ETF Bitcoin spot yang diperdagangkan di AS telah mengakhiri periode lesu selama empat bulan, mencatatkan rekor streak arus masuk harian terpanjang tahun ini. Lonjakan ini terjadi karena permintaan institusional menunjukkan tanda-tanda kebangkitan di tengah kondisi ekonomi makro yang masih bergejolak.
Sebanyak 11 produk investasi ini berhasil menarik dana segar lebih dari US$767 juta selama lima hari, dari 9 hingga 13 Maret, menurut data dari SosoValue.
Exchange-Traded Fund (ETF) Bitcoin Serap 18.000 BTC saat Permintaan Institusi Meningkat
Streak ini menjadi titik balik penting bagi sektor tersebut, yang sebelumnya mengalami arus keluar bersih sejak November 2025 di tengah meningkatnya ketegangan geopolitik.
BlackRock’s iShares Bitcoin Trust (IBIT) tetap menjadi penggerak utama pemulihan ini. Produk tersebut menyumbang US$600 juta dari total mingguan, atau lebih dari 78% seluruh arus masuk dana.
Fidelity’s Wise Origin Bitcoin Fund menempati posisi kedua dengan arus masuk sebesar US$147,5 juta. Sementara itu, Grayscale’s Bitcoin Trust mencatatkan tambahan dana yang lebih kecil yaitu US$15,3 juta, yang sangat berbeda dari likuidasi besar-besaran yang pernah menimpa trust hasil konversi tersebut tahun lalu.

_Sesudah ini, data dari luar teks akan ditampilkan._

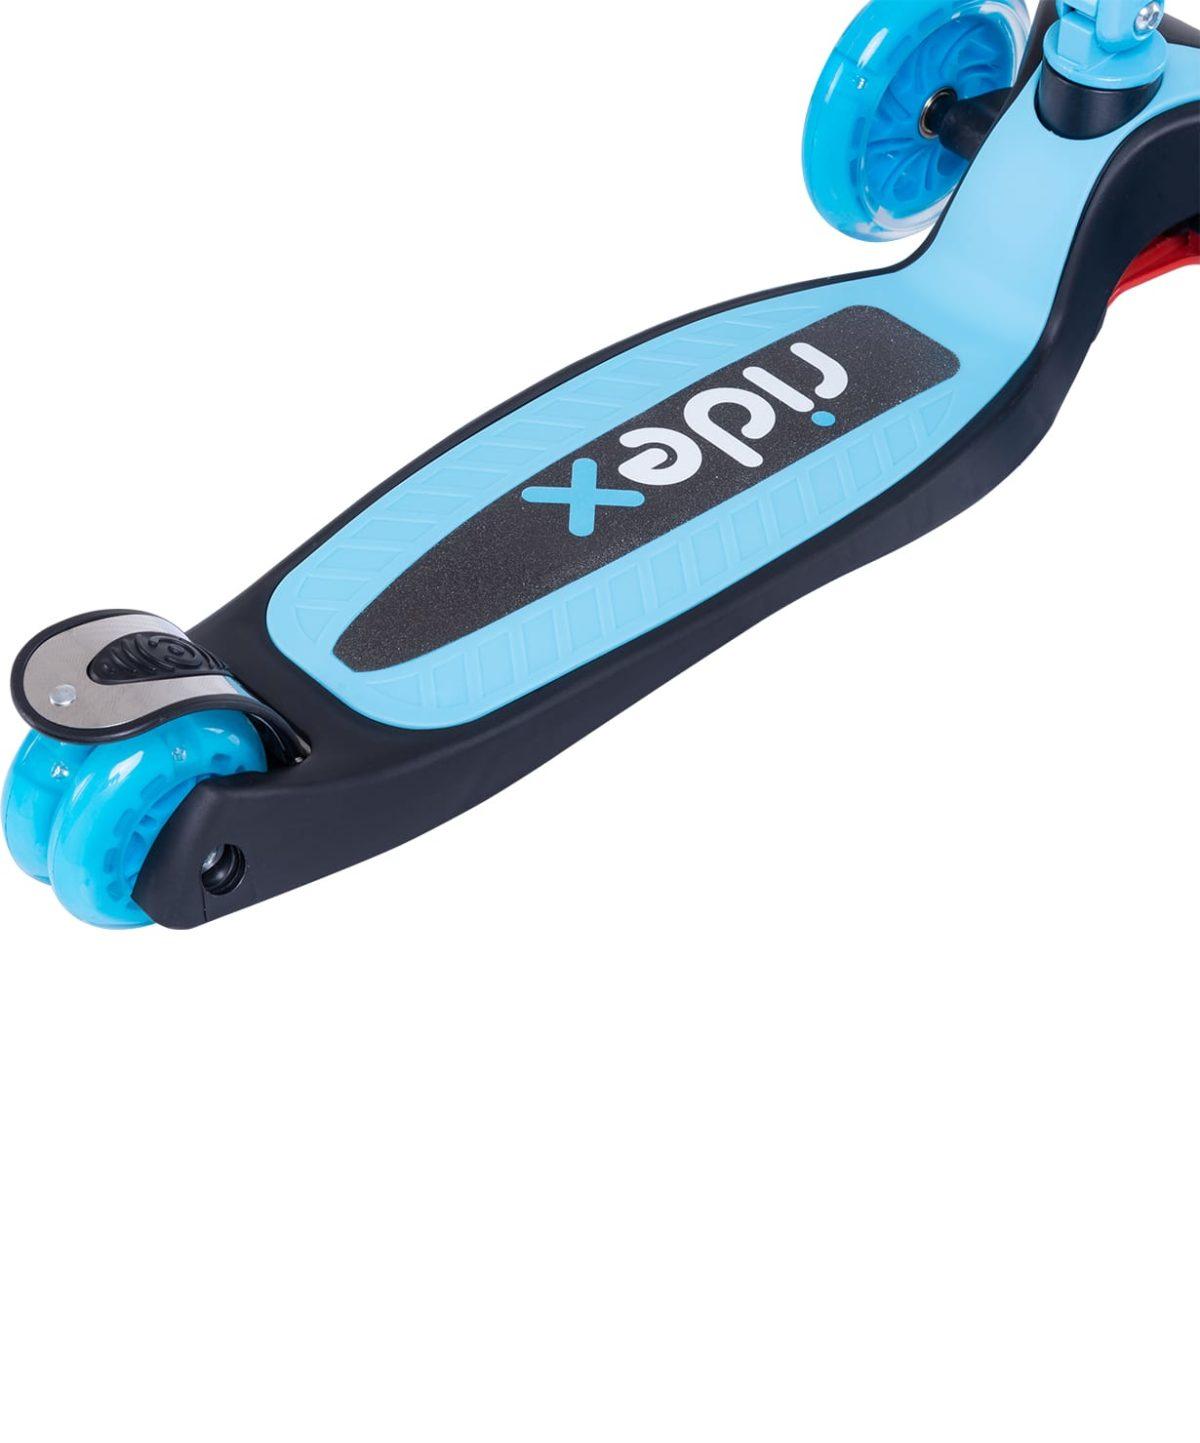 RIDEX 3D Tiny Tot Самокат 3-колесный Tiny Tot 120/80 мм  Tiny Tot: голубой - 4

Analis di Ecoinometrics, sebuah platform kecerdasan ekonomi makro, menerangkan bahwa angka ini menunjukkan ETF Bitcoin akhirnya mulai menunjukkan tanda-tanda kehidupan.

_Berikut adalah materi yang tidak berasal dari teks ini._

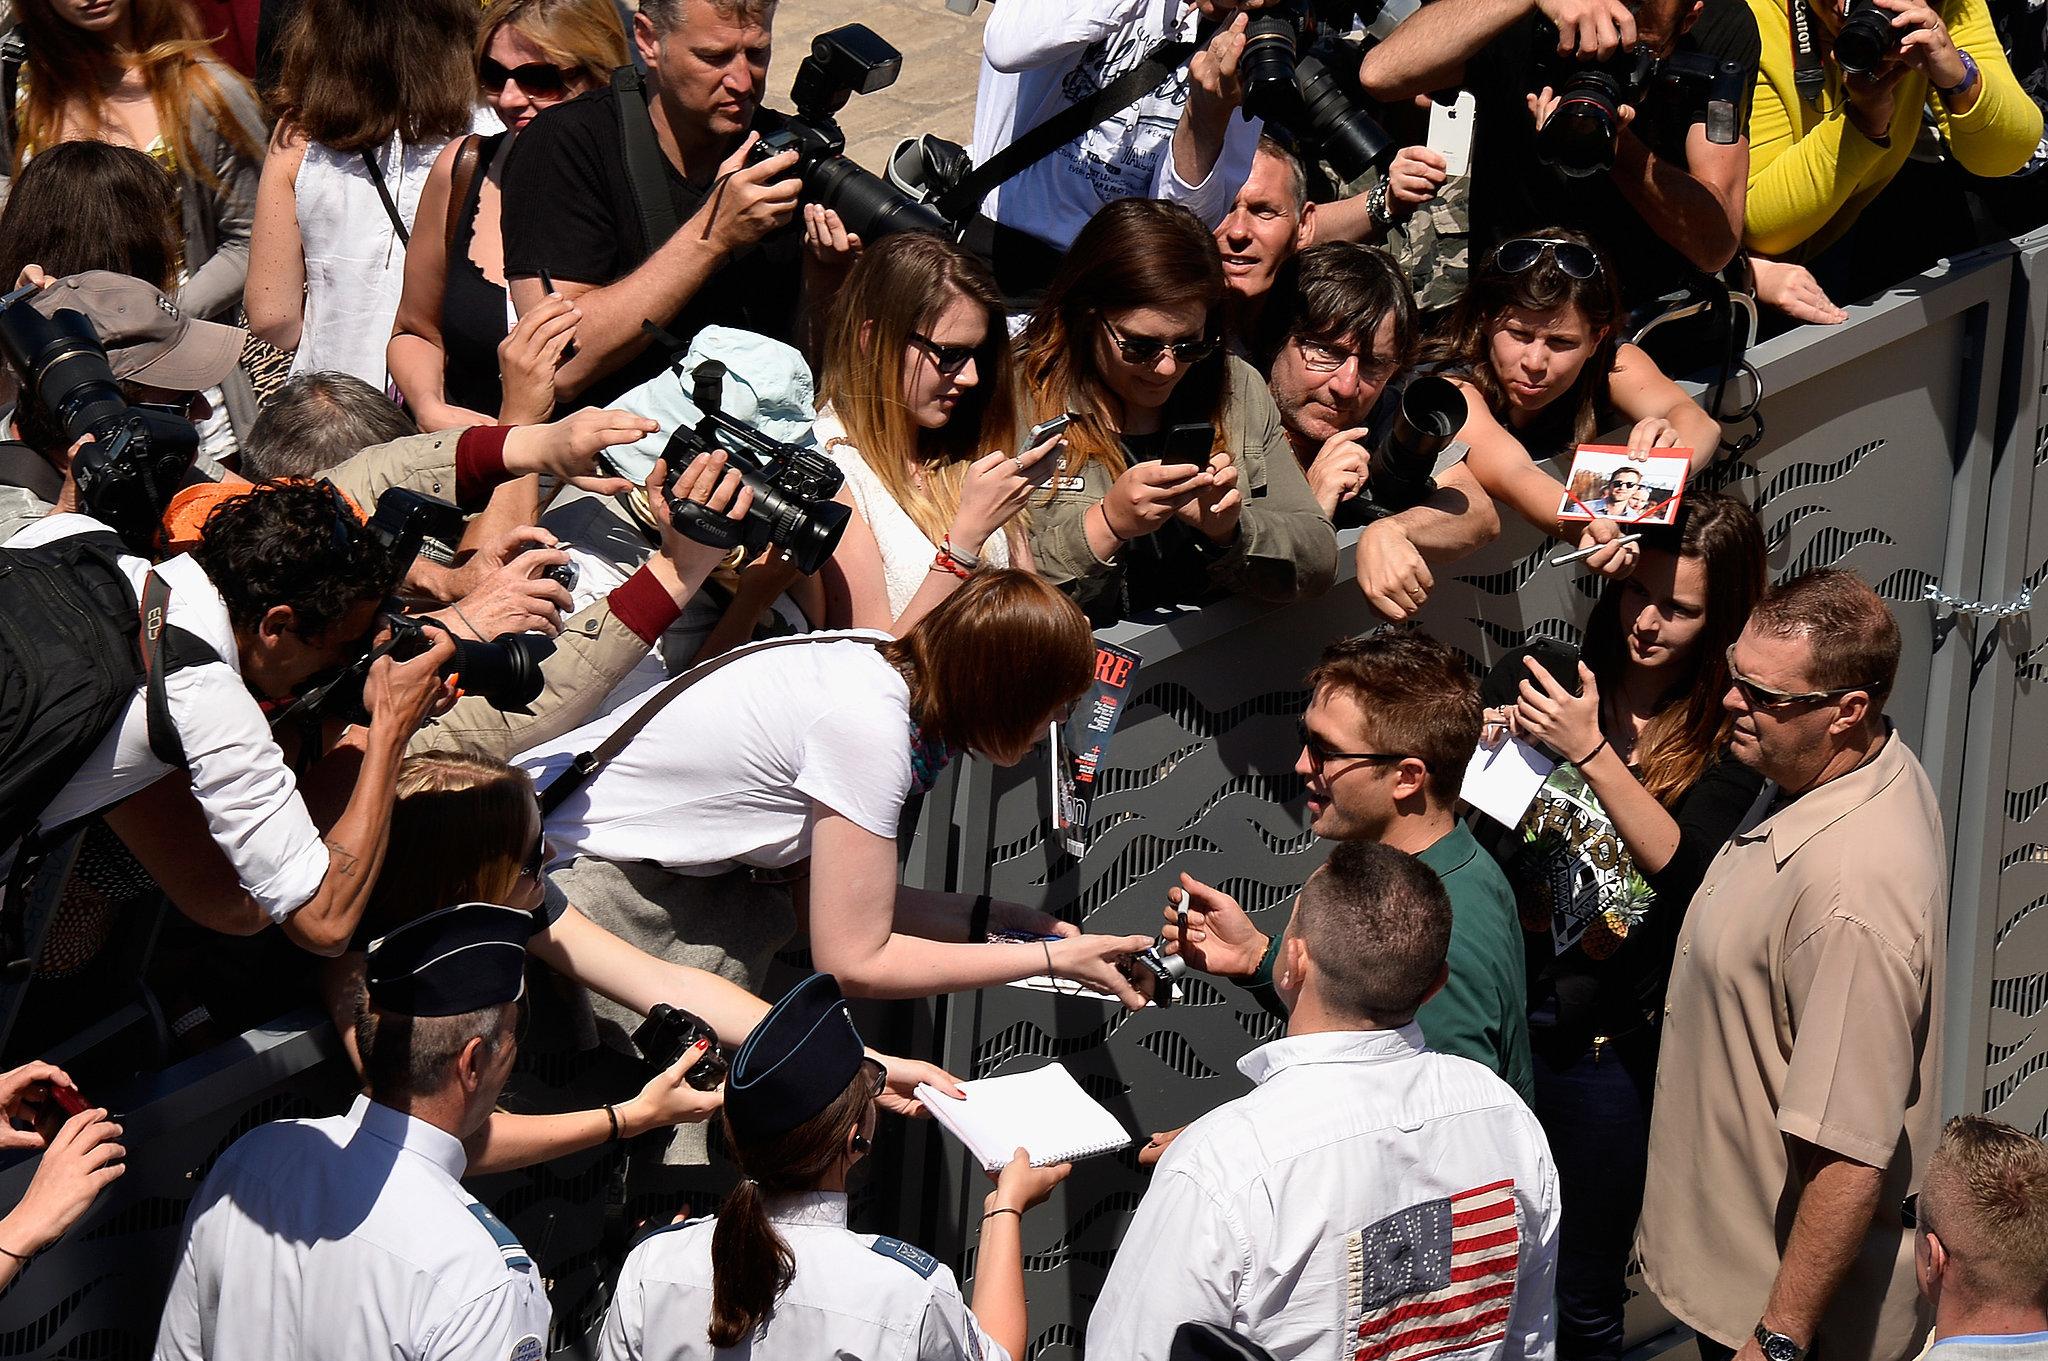 Robert Pattinson had fans for days.

Perusahaan tersebut memaparkan bahwa ETF ini telah menyerap sekitar 18.000 BTC sejak awal Maret, yang merupakan “perubahan tajam” dibanding empat bulan sebelumnya.

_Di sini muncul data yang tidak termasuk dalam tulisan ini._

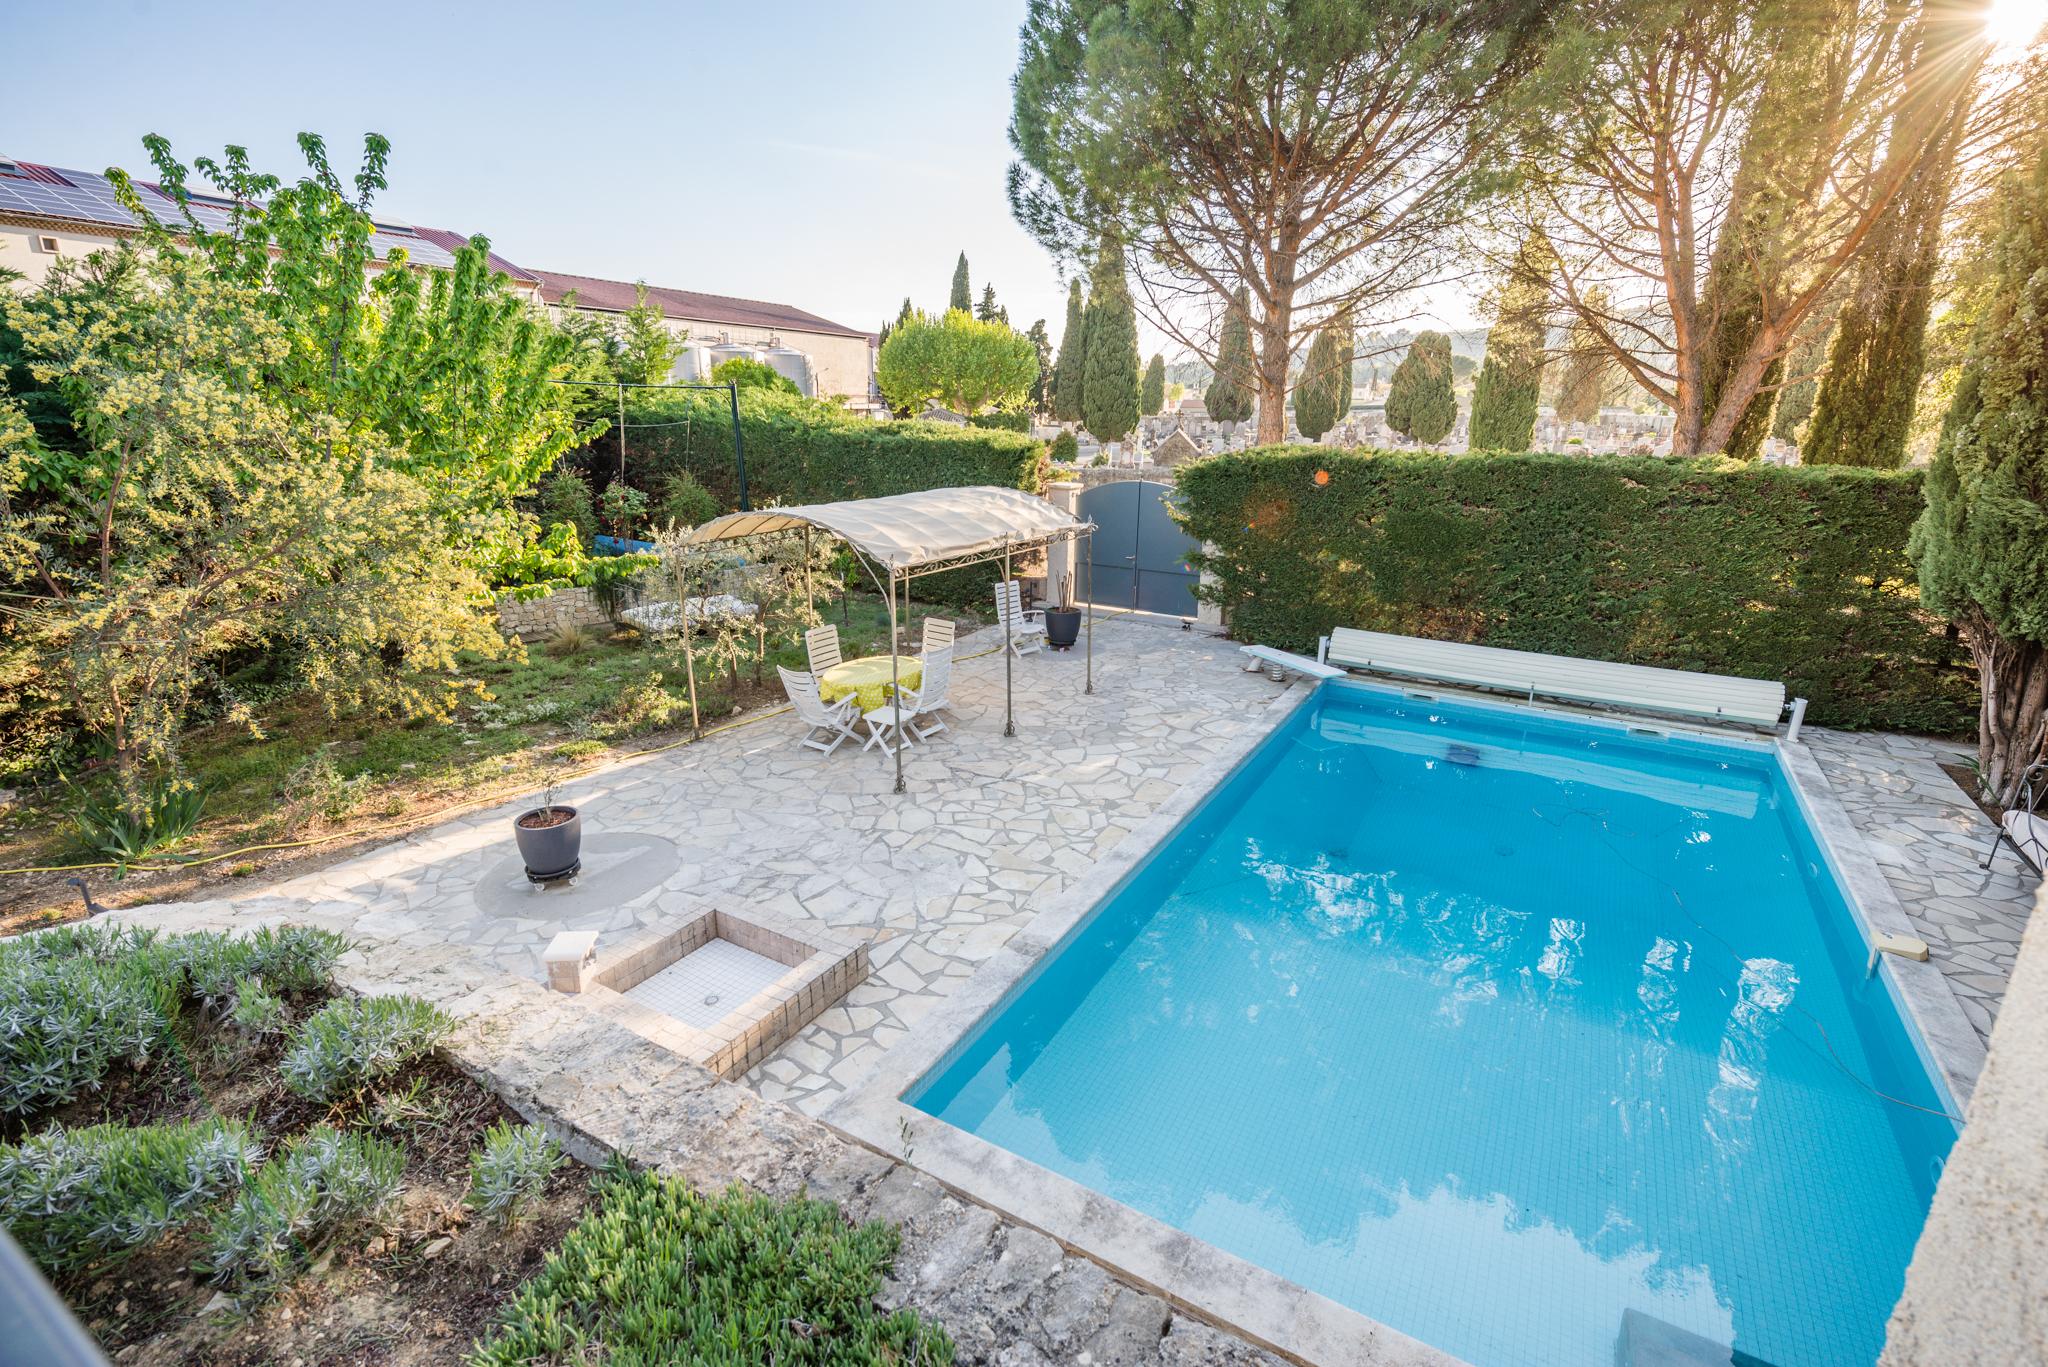 feriebolig-provence-privat-pool-DSC_4661.jpg

“Ini bukan berarti pemulihan sudah pasti terjadi. Tapi jika laju ini bertahan… itu akan memperkuat argumen bahwa Bitcoin sedang membangun fondasi,” tambah mereka.
Yang menarik, aksi beli besar-besaran ini juga terjadi berbarengan dengan pemulihan harga Bitcoin, yang naik lebih dari 6% dalam tujuh hari terakhir sehingga diperdagangkan dekat US$71.791.
Kinerja ini sangat menonjol karena konflik antara AS dan Iran yang masih berlangsung, yang secara historis membuat investor beralih ke aset “safe haven” tradisional seperti emas.
Data dari perusahaan keuangan River menunjukkan bahwa Bitcoin secara konsisten mengungguli S&P 500 dan emas selama peristiwa geopolitik besar sejak tahun 2020.
Hal ini mengindikasikan bahwa beberapa portofolio institusi kini mungkin mulai memandang aset digital sebagai lindung nilai yang sah terhadap ketidakstabilan pasar keuangan tradisional.